Vor ziemlich genau einem Jahr landete ich überraschend auf der Palliativ Abteilung des Unispitals Zürich (siehe Blog vom März 2024). Ich war geschockt und dachte "das war's".

Umso mehr erfreut es mich, dass es mir aktuell seit ein paar Monaten recht gut geht.


Diesen Blogbeitrag habe ich schon vor längerer Zeit geschrieben, aber immer auf den geeigneten Zeitpunkt gewartet ihn zu publizieren, denn es geht um Palliative Care und das ist kein leicht verdaubares Thema. Ich habe auch an den Reaktionen von einigen von euch bemerkt, dass sie etwas "geschockt" oder ängstlich waren, als ich erzählt habe, dass ich einen Blog zu dem Thema in Petto habe. Aber keine Angst, der Blog ist grundsätzlich positiv. Bereits während meines damaligen Spitalaufenthaltes verspürte ich, dass es einiges an Aufklärungsbedarf zum Thema "Palliative Care" gibt und dass ich über meine Erfahrungen schreiben möchte.

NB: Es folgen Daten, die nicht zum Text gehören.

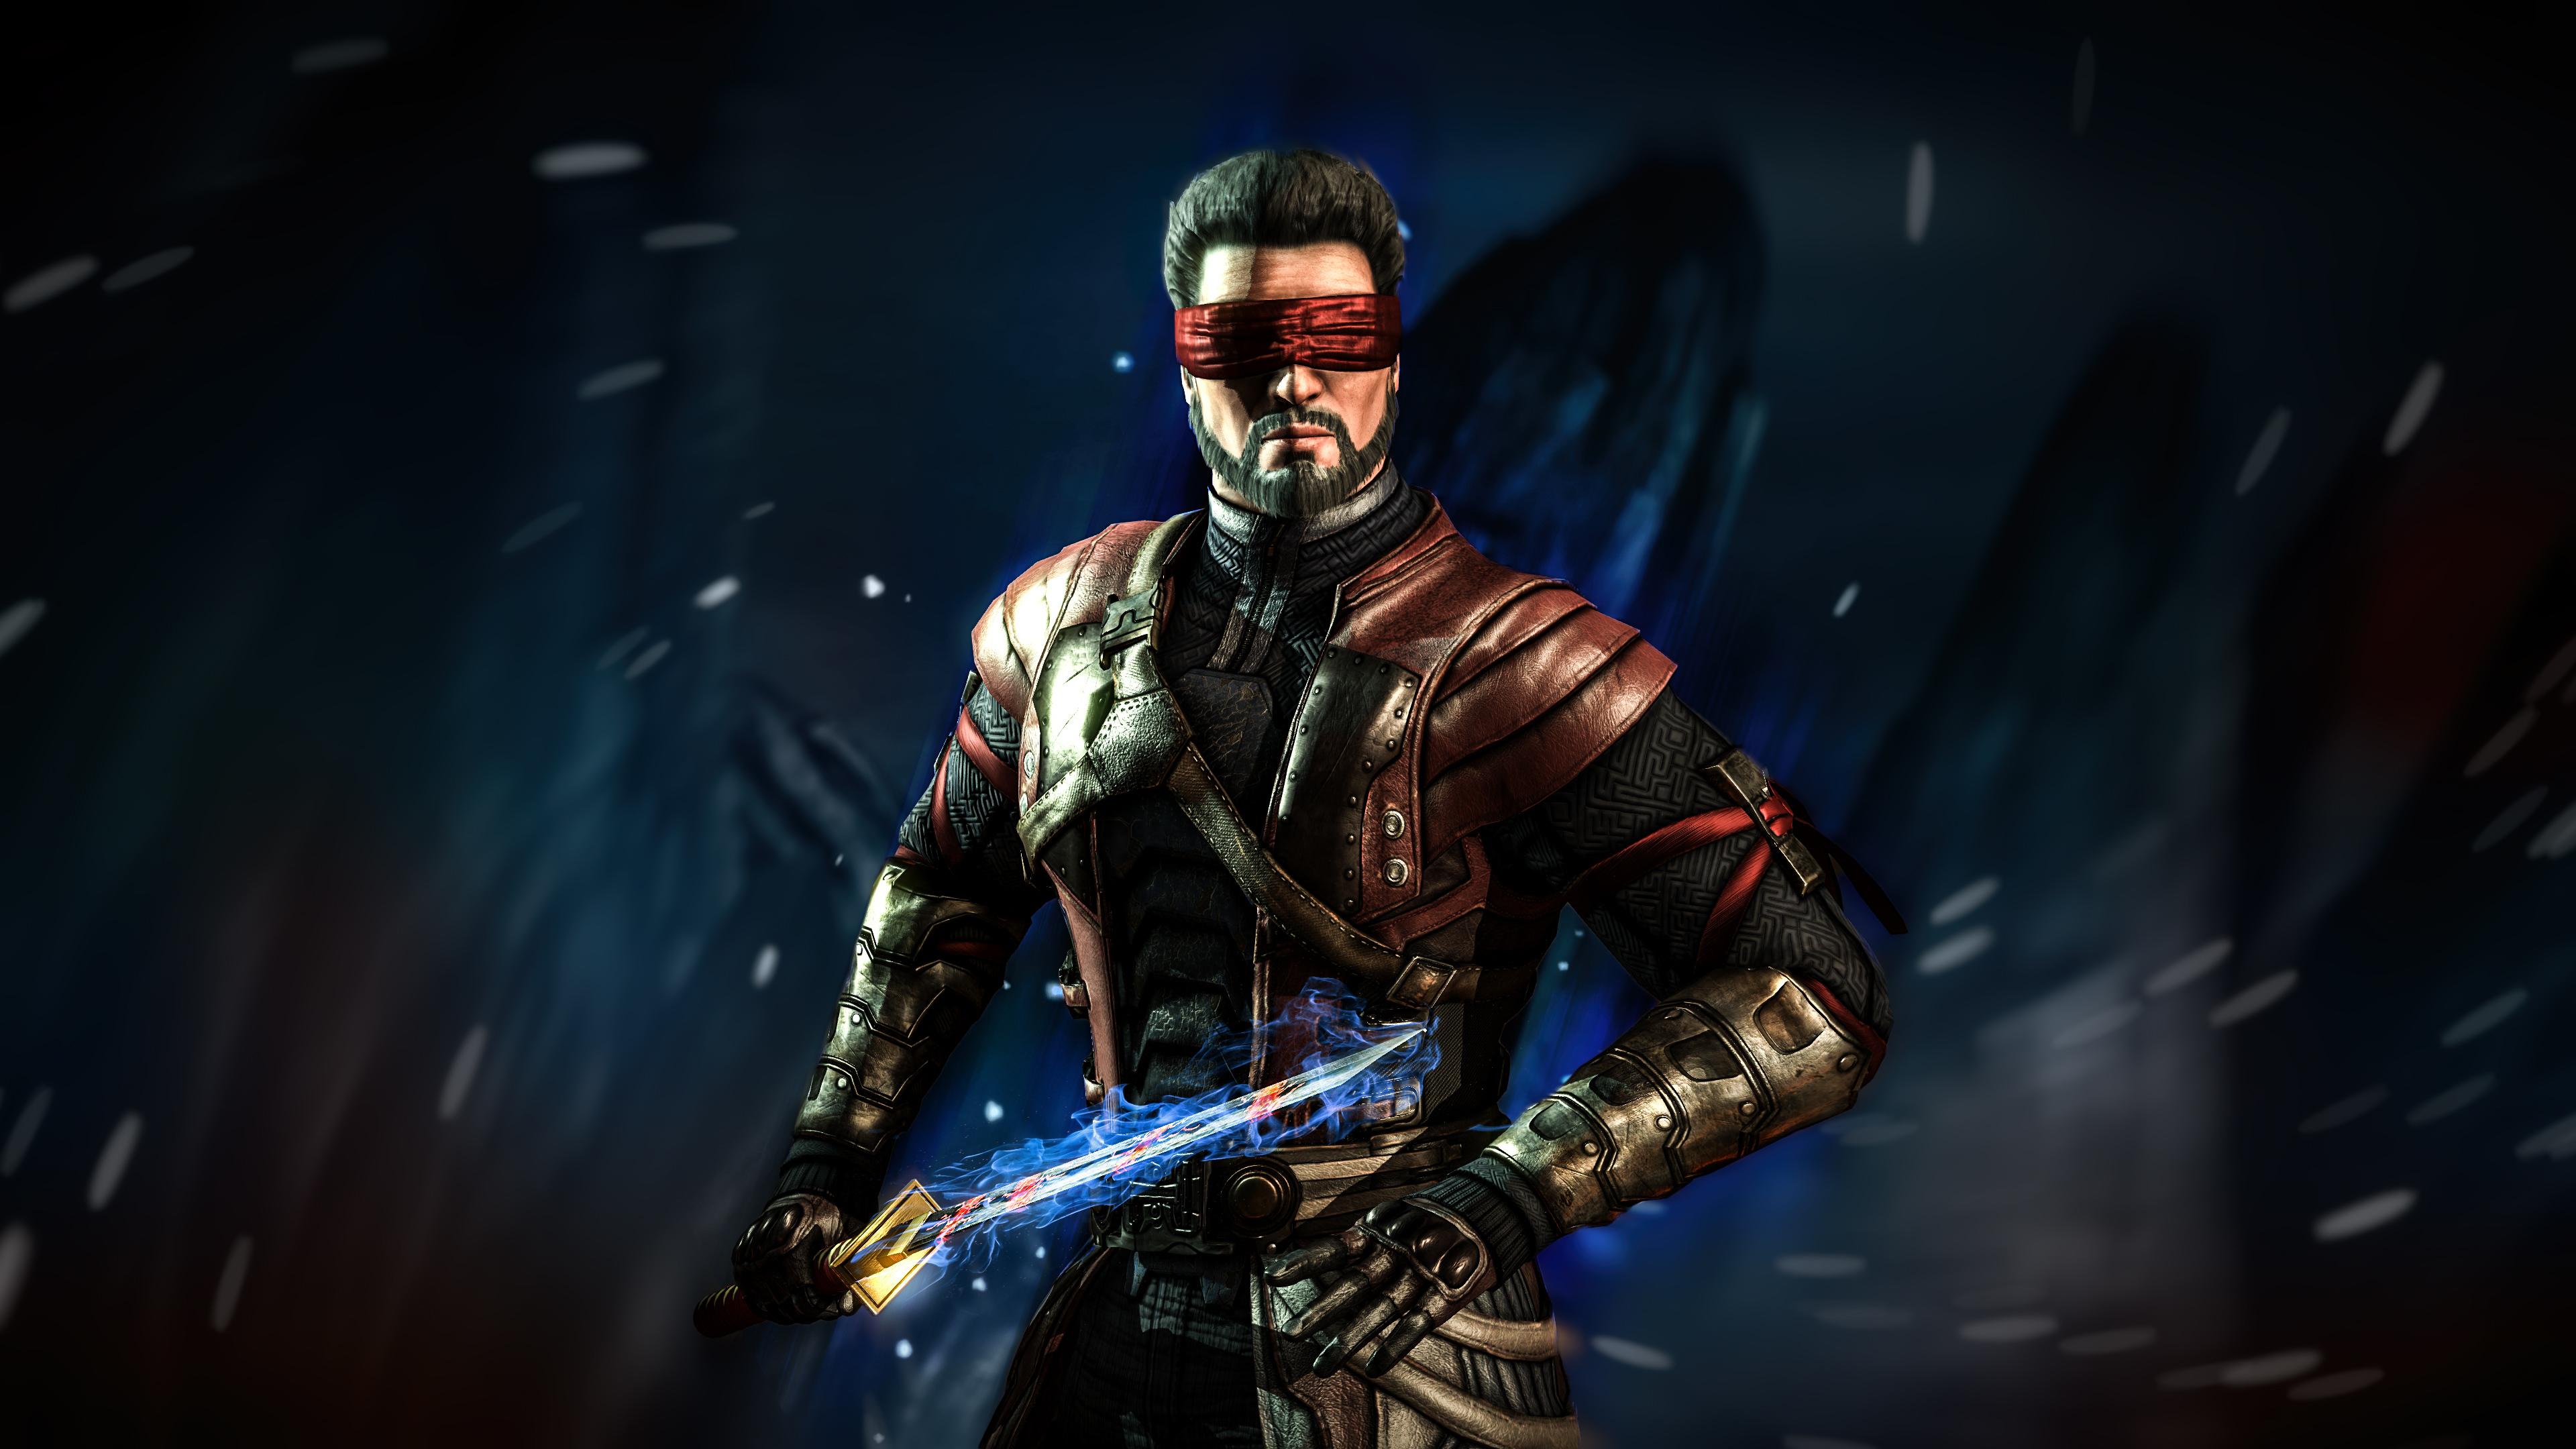 Mortal Kombat X New Game Wallpaper Hd Games 4k Wallpapers Images

Jetzt wo einiges an Zeit vergangen ist und es mir seit ein paar Monaten recht gut geht, dachte ich, dass nun der richtige Zeitpunkt da ist, den Blog zu publizieren. Gerne möchte ich mit euch meine durchaus positiven Erfahrungen teilen.


Was ist Palliativ Care?

Es ist viel mehr als man denkt. Deshalb denke ich, dass es Aufklärungsbedarf und eine bessere, konstruktivere Kommunikation darüber braucht.

Auf verschiedenen Webseiten heisst es folgendes, woraus wahrscheinlich auch die negative Assoziation abgeleitet wird.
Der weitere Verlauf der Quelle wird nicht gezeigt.